Many thanks to Vittorio Palmisano for his technical review help.

{“editor”, “chad hart“}

A person wearing a garment Description automatically generated

Contents

  • WebRTC Stats Introduction
    • Previewing stats with built-in browser tools
    • RTCPeerConnection.getStats API overview
  • Making effective use of getStats
    • The client-monitor-js project
  • Detecting common WebRTC client issues
    • Network Congestion
    • CPU limitation
    • Stuck Audio or Video tracks
    • Frozen Video Track
  • Conclusion

This blog post explores how to effectively use WebRTC stats to identify, detect, and expose common issues such as video freezes, and network congestion. We will look at the getStats API and show where additional aggregation is needed for in-depth analysis. As a reference, I will use the client-monitor-js from the ObserveRTC project, an open-source tool that helps to collect and use WebRTC-related stats in your web-client code.

WebRTC Stats Introduction

As you delve deeper into WebRTC, you will explore the WebRTC Statistics API – better known as getStats – to understand underlying RTC performance metrics. getStats provides detailed metrics about the RTCPeerConnections that facilitate RTC communications. Monitoring these performance metrics and usage statistics can offer invaluable insights into the efficiency and effectiveness of your WebRTC applications.

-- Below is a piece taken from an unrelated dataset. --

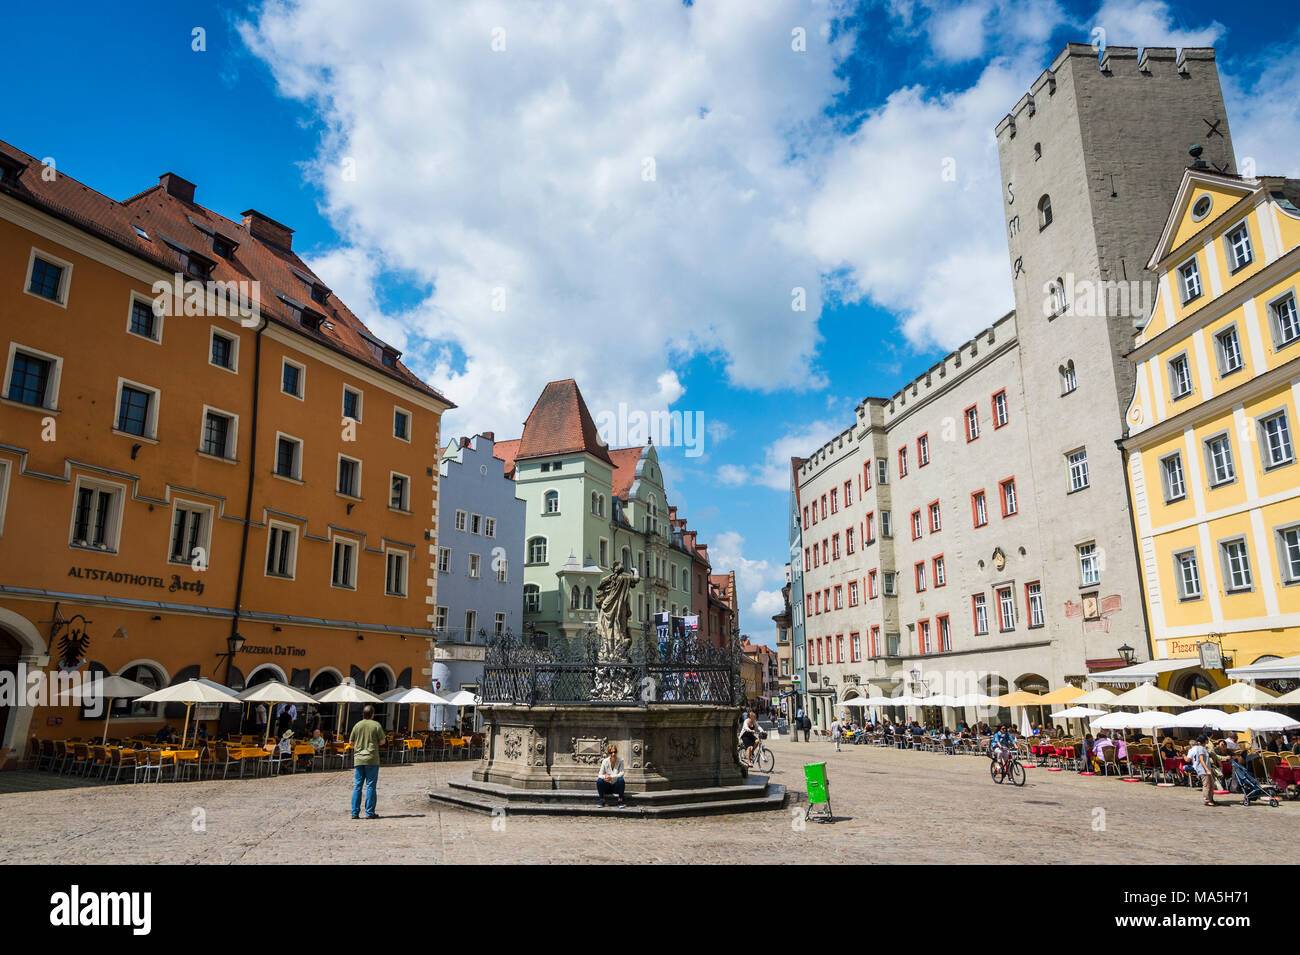 Haidplatz, quadrata con patrimonio mondiale dell'Unesco, Regensburg, Baviera, Germania Foto Stock

getStats outputs different reports such as inbound-rtp, outbound-rtp, remote-inbound-rtp, and more. Each report contains specific metrics relevant to the media streams, data channels, and peer connection states. For instance, inbound-rtp reports provide information about received streams, including bytes received, packets lost, jitter, and frames per second for video. outbound-rtp reports include details about the sent streams, such as bytes sent, packets sent, and bitrate. Additionally, remote-inbound-rtp reports give insights into the receiving end, reporting metrics like round-trip time (RTT) and packet loss. Understanding and analyzing these stats can help developers optimize performance, troubleshoot issues, and enhance the overall quality of their WebRTC applications.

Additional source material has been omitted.